A Streamlit evaluation interface connected to DynamoDB where the summaries generated by our Llama2-7B/Mixtral-7B are stored. Human evaluators can read the original document and analyze the generated summary.
The evaluation is made based on a composed metric(accuracy, relevancy, and adherence) with a score between 0-2.

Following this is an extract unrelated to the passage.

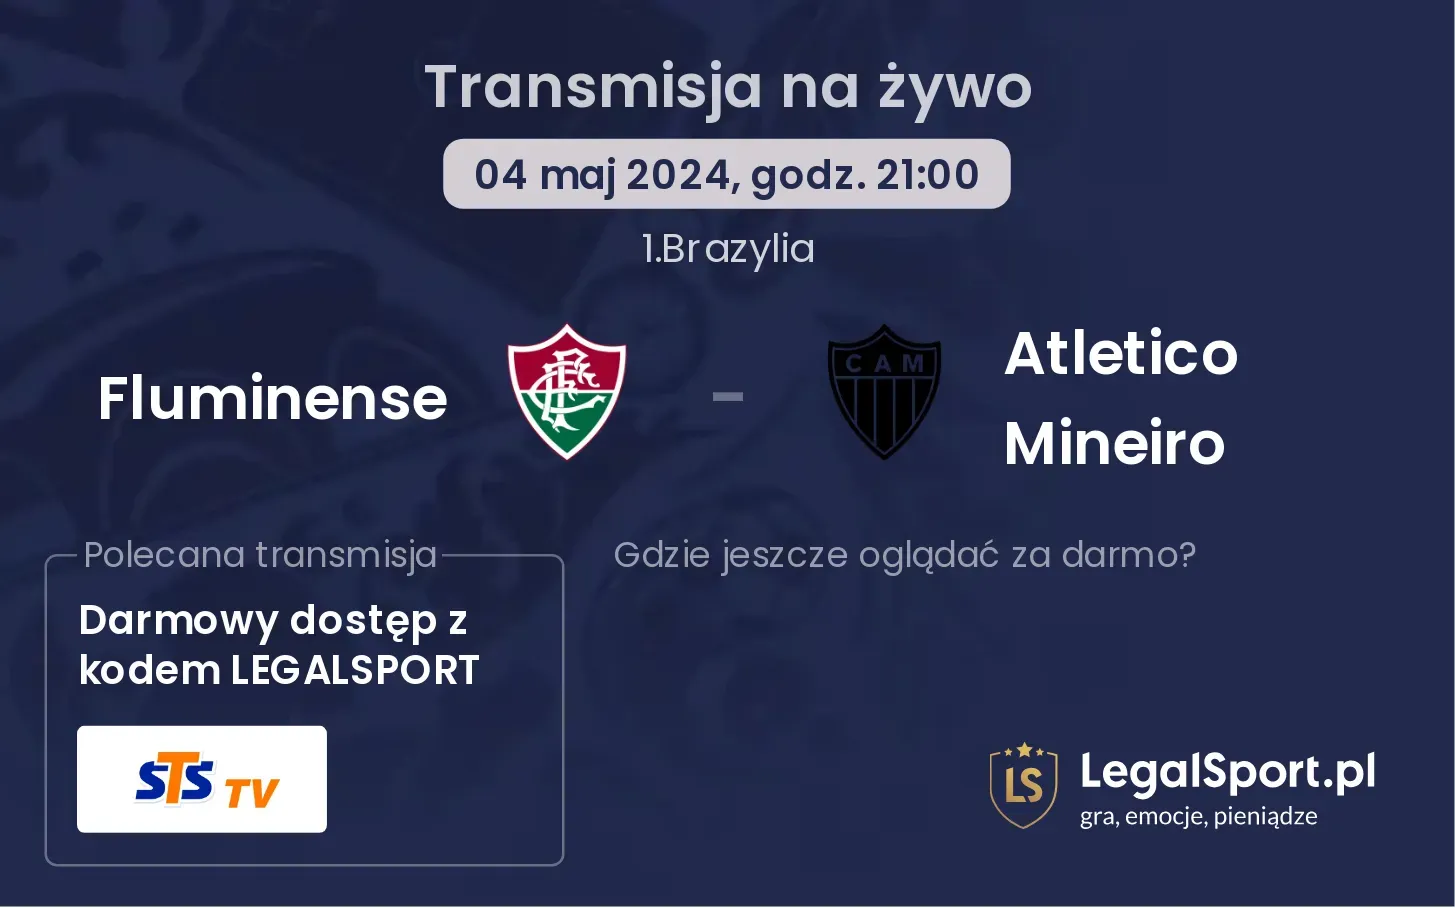 Fluminense - Atletico Mineiro transmisja na żywo

3. Composed summary metric
In my professional journey, I've developed a composed summary metric focusing on three key aspects: Accuracy, Relevance, and Adherence.
🎯 Accuracy
Score 0: We avoid summaries with significant inaccuracies or misleading information.
Score 1: We aim to improve summaries that are not fully accurate for reliable information extraction.
Score 2: Our goal is to achieve highly accurate summaries that capture the main points with only minor inaccuracies that don't impede understanding.
🔍 Relevancy
Score 0: We discard summaries that are completely irrelevant and lack meaningful information.
Score 1: We refine somewhat relevant summaries but miss some main themes of the document.
Score 2: We strive for highly relevant summaries, encapsulating all main themes with precision.
📐 Adherence
Score 0: We reject summaries that completely disregard the document's structure and content.
Score 1: We work on summaries with major adherence issues to reach a coherent structure.
Score 2: We aspire to create summaries that perfectly adhere to the document's structure, mirroring its logical flow with precision.